Eugene, who has been employed as a software engineer, has devoted evenings and weekends to developing a new software product, BugFree. He believes he may soon be ready to license BugFree to a major software company, and hopes to realize significant profits. From a friend who was recently divorced, Eugene learned that under the law of his state his wife would have an equal property interest with him in BugFree, were they to divorce. In recent years, he has had doubts about their marriage. Eugene therefore presents Dolores with a marital agreement, drafted by an attorney he has hired, under which Dolores gives up any marital-property claims she otherwise would have to BugFree. Eugene tells Dolores that, if she does not sign this agreement, he will seek an immediate divorce, because he does not feel he can go forward with BugFree’s development and marketing if he does not retain sole ownership of it.
Dolores is stunned to learn that Eugene is considering divorce and at a loss to imagine how she would live and care properly for the children if divorce were to occur. She strongly believes her children’s welfeare would be seriously compromised were she to return full time to work, yet does not see how she and the children could maintain their accustomed life on compensatory payments and child support alone. As the manager of the couple’s household finances, she knows that their current assets are modest. She is also fearful of the impact that divorce and the accompanying disruption would have on the childre. She is not certain whether Eugene’s threat is serious but feels she cannot take the risk. Unhappily and reluctantly, she signs the agreement.
Five years later, Eugene files for divorce.
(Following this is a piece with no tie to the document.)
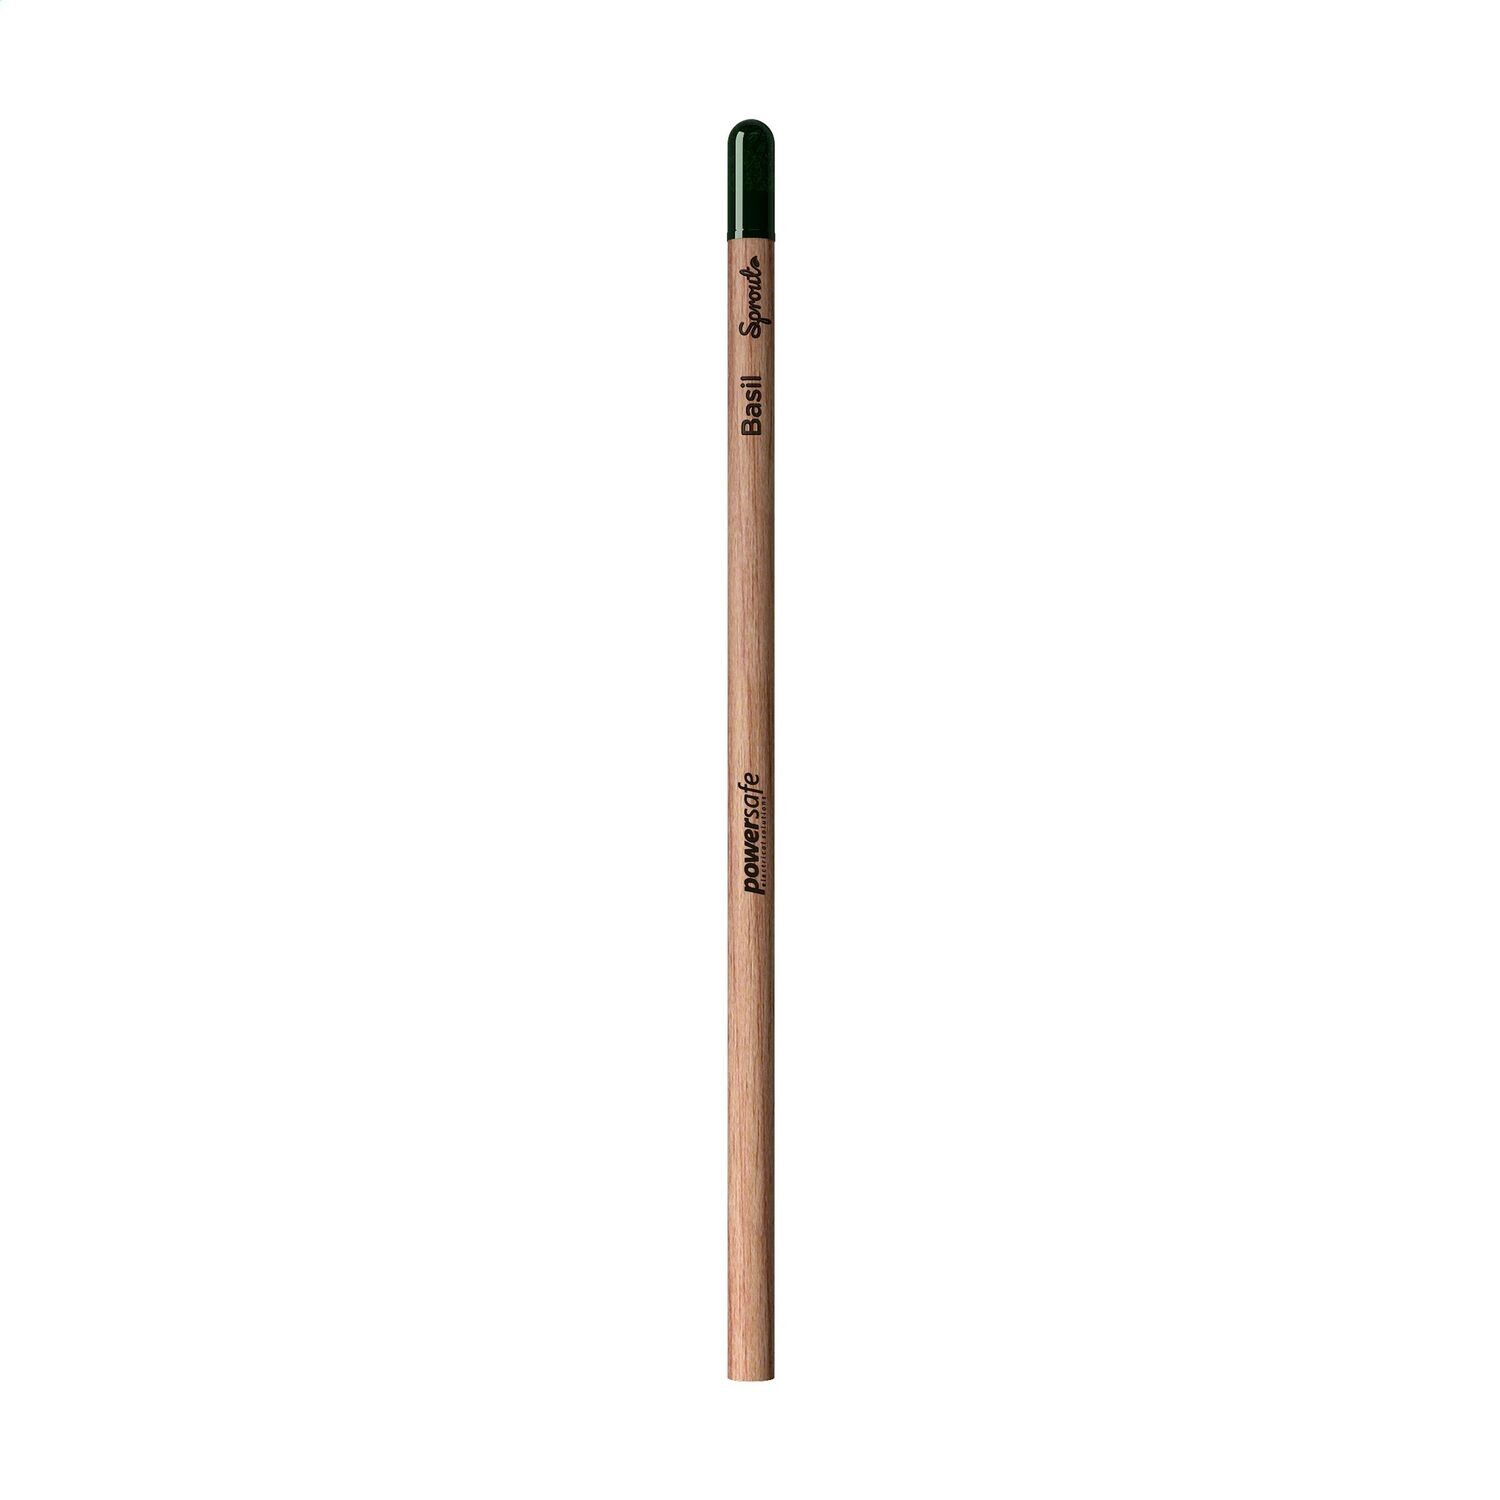 Sproutworld Unsharpened Pencil uspisset blyant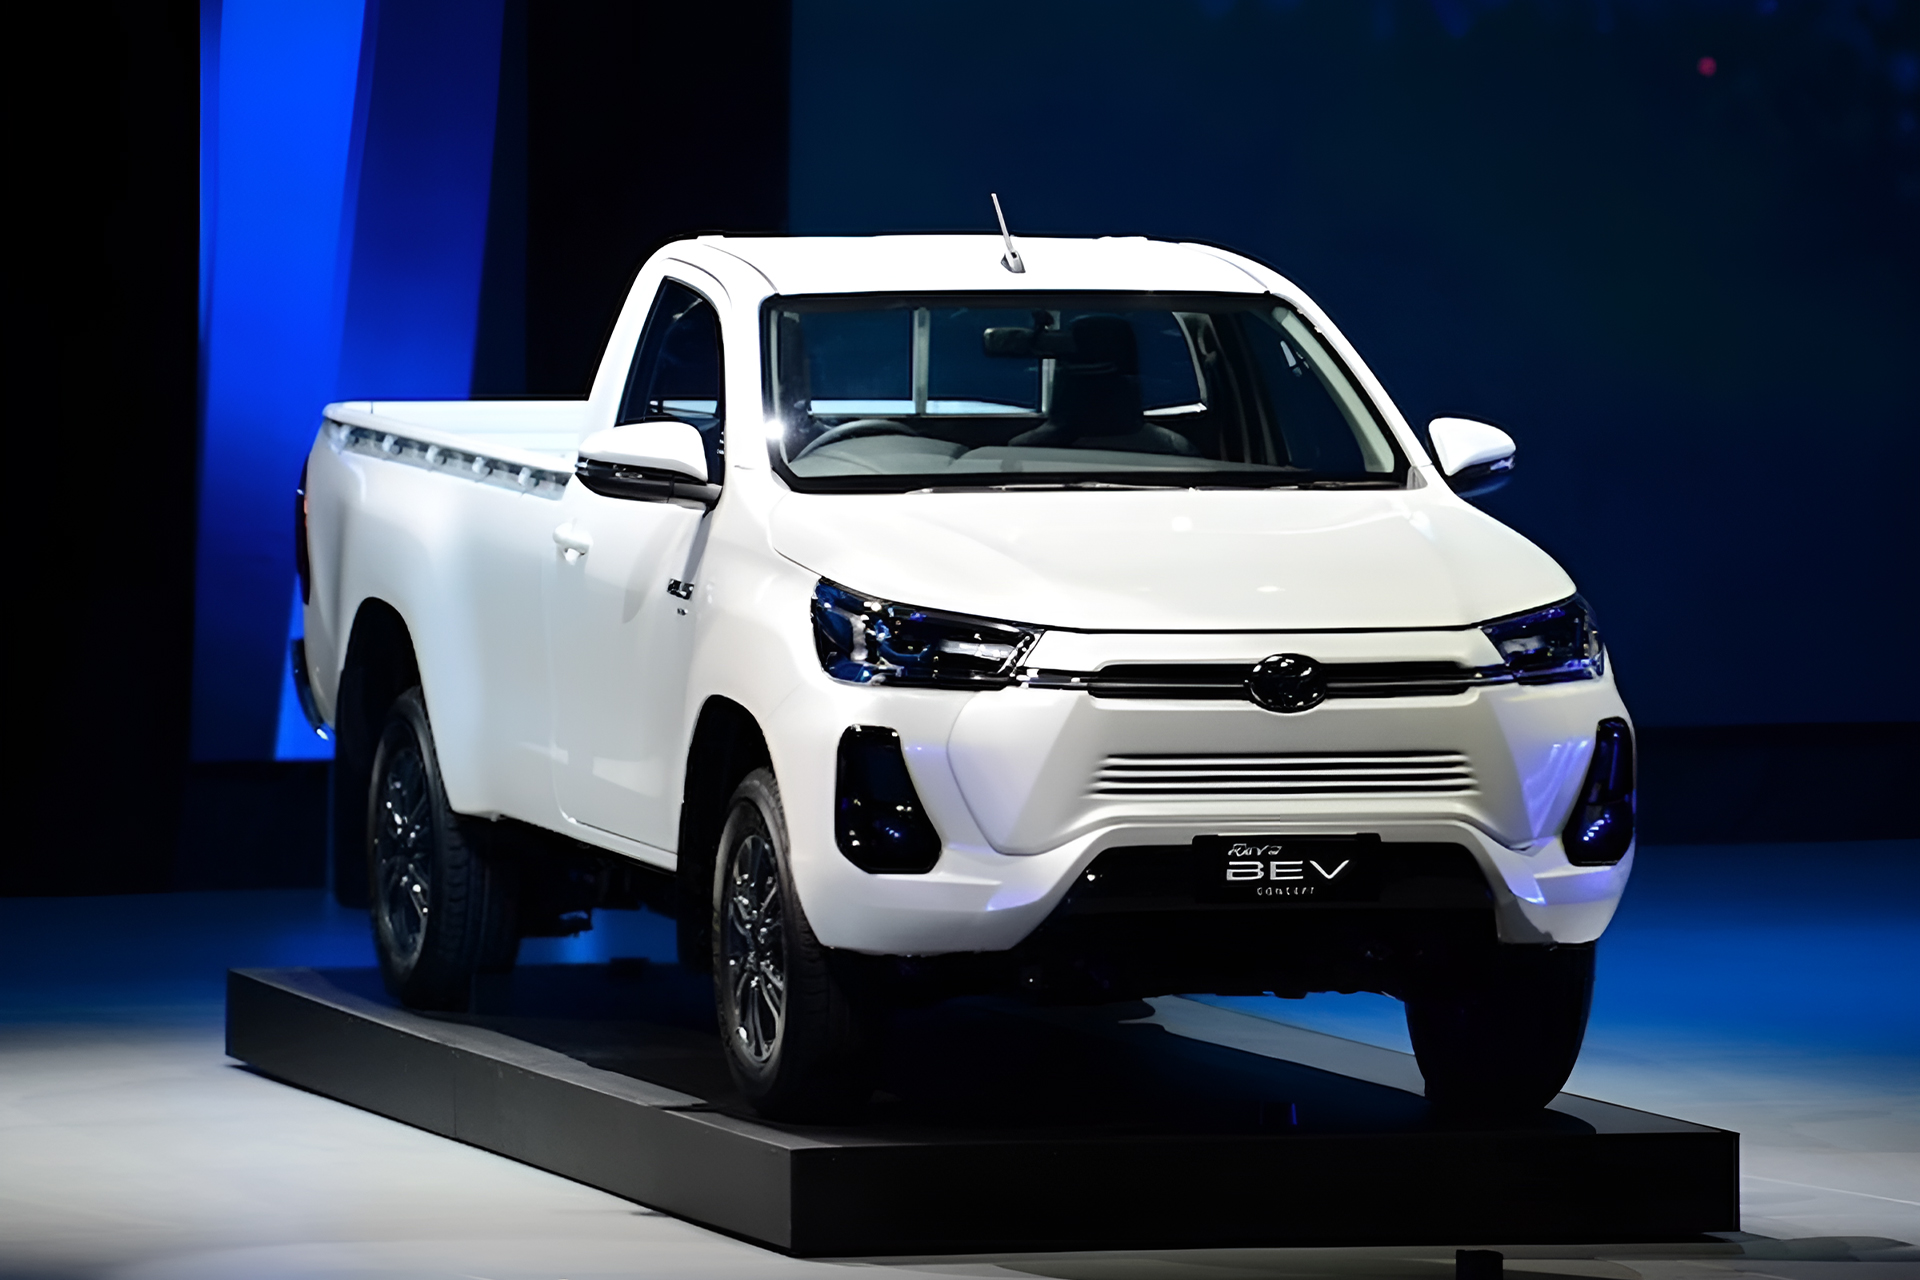 CEO da Toyota, Akio Toyota, apresenta Hilux 100% Elétrica que fará parte da frota de veículos movidos a energia limpa da montadora nos próximos anos

In the meantime, BugFree has been a success, and Eugene’s interest in it worth several million dollars, which would be marital property but for the agreement. The couple’s other marital property is worth less than $100,000. Eugene seeks enforcement of the marital agreement, and thus allocation of the entire value of BugFree to him as his separate property, with the parties’ other property divided equally between Eugene and Dolores.
Because the parties’ circumstances at divorce are not different than was contemplated at the time they made their agreement, Section 7.05 is unlikely to present any bar to its enforcement. The contract doctrine of unconscionability, however, is applicable. Dolores, in reliance upon the marriage, had left her employment and made herself financially dependent upon Eugene, so that their potential divorce was a much greater threat to her welfare than to his. In addition, Eugene’s threat was effective in part because it exploited Dolores’s responsible concern for the welfare of their children. Under the circumstances present here, Eugene’s threat to divorce Dolores if she did not sign, as a tactic to obtain her consent to a very one-sided agreement that denied Dolores any claim at all on the fruits of Eugene’s marital labor in BugFree, renders the agreement unconscionable, and thus unenforceable.